Meçhul bir diyardan uzak topraklara doğru çıkılan bir göç yolculuğuyla başladı her şey. Sonra Deli Belkıs’ın elinden tutan çocuk, bir çınar gibi kök salacağı o karmakarışık şehre adım attı. Her zaman anlatılanın aksine, ana karakterin değil ikinci adamın, yani Doğan’ın yaşamı bu.
Padişahın değil vezirin, yıldız futbolcunun değil yedek kulübesinde şans bekleyenin, tam on ikiden değil sekiz buçuktan vuranın hikayesi. Aynı zamanda; eski İstanbul’un çok kültürlü ve rengarenk dokusundan 6-7 Eylül olaylarına, Kore Savaşı’ndan sağ sol çatışmasına, askeri darbelerden 17 Ağustos depremine dek eksiksiz bir yakın tarih sergisi.
Müdürden Sonra Müdür; aşkı için hayata çalım atmak isterken Guinness Rekorlar Kitabı’na girmesine ramak kalan bir “kiracı”nın, çocuklarına dahi yük olmayan bir kahramanın, ailesine her şartta kol kanat germiş bir “reis”in henüz çekilmemiş filmi. Çünkü her zamanki gibi en müthiş hikayeler, en sıradan görünen insanların ardına gizlenmiş halde bizi bekliyor.

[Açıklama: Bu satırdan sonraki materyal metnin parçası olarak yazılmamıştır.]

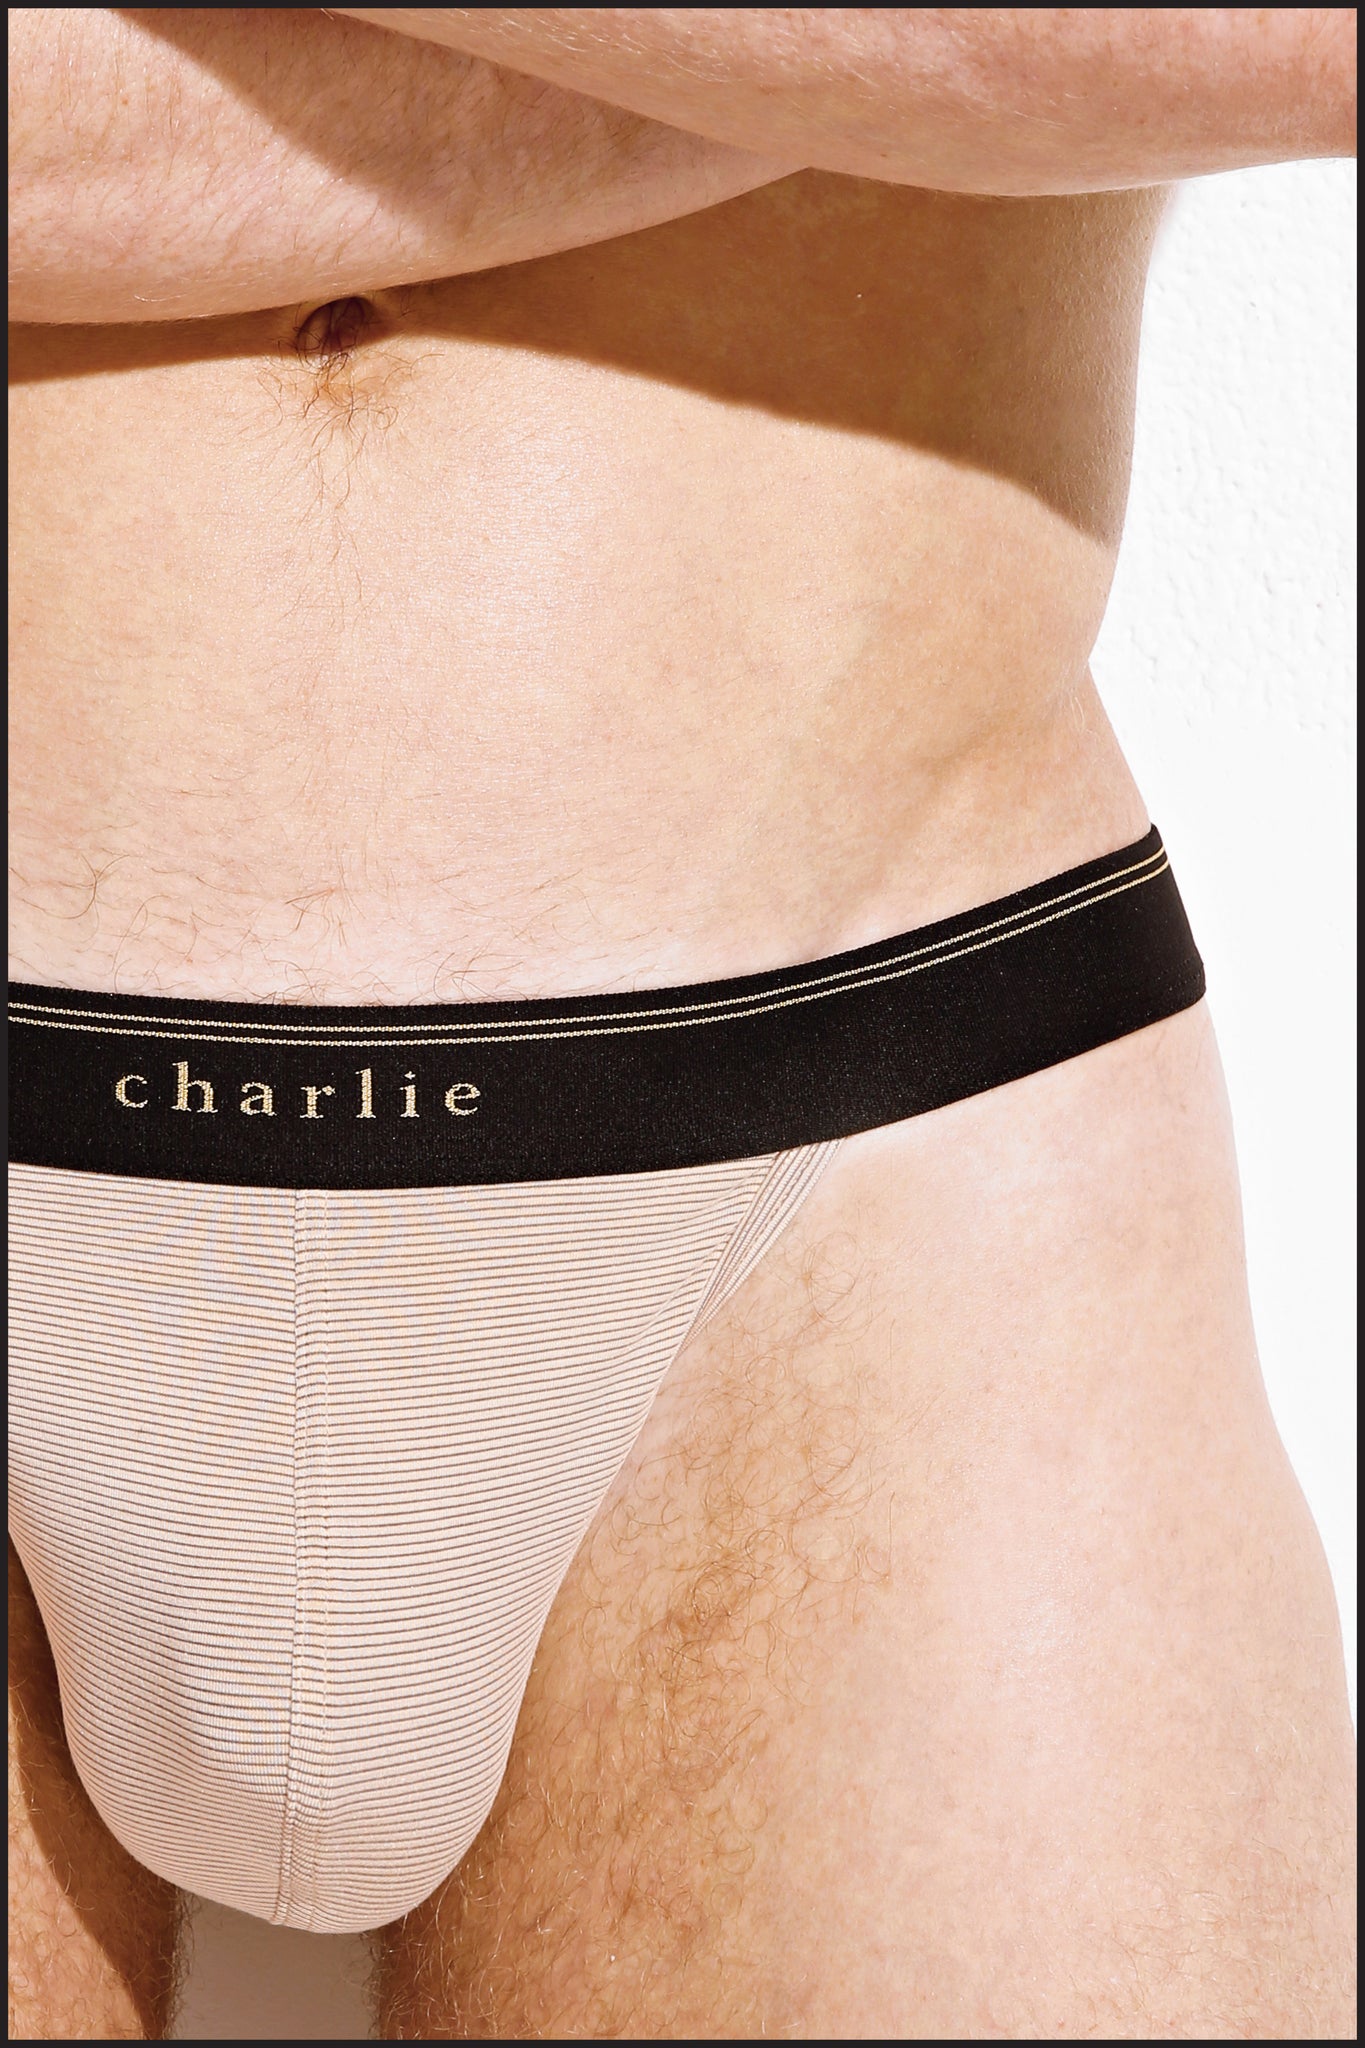 Charlie by Matthew Zink Wood Underwear Classic Thong

“İşte bir gün baktım ikisi kavga etmiş. Dedim anlatın bakayım n’oldu. Camdan bakıyorlarmış da denizden gemi geçmiş. Başlamışlar kavga etmeye. Takmışlar kafayı geminin bayrağına, tanımıyorlar da, garip bir bayrak. Vay komünist gemisi bu, vay faşist gemisi bu. Aldım karşıma ikisini de. Dedim ki, oğlum siz manyak mısınız, geminin faşisti, komünisti olur mu? Öpün birbirinizi barışın hemen.”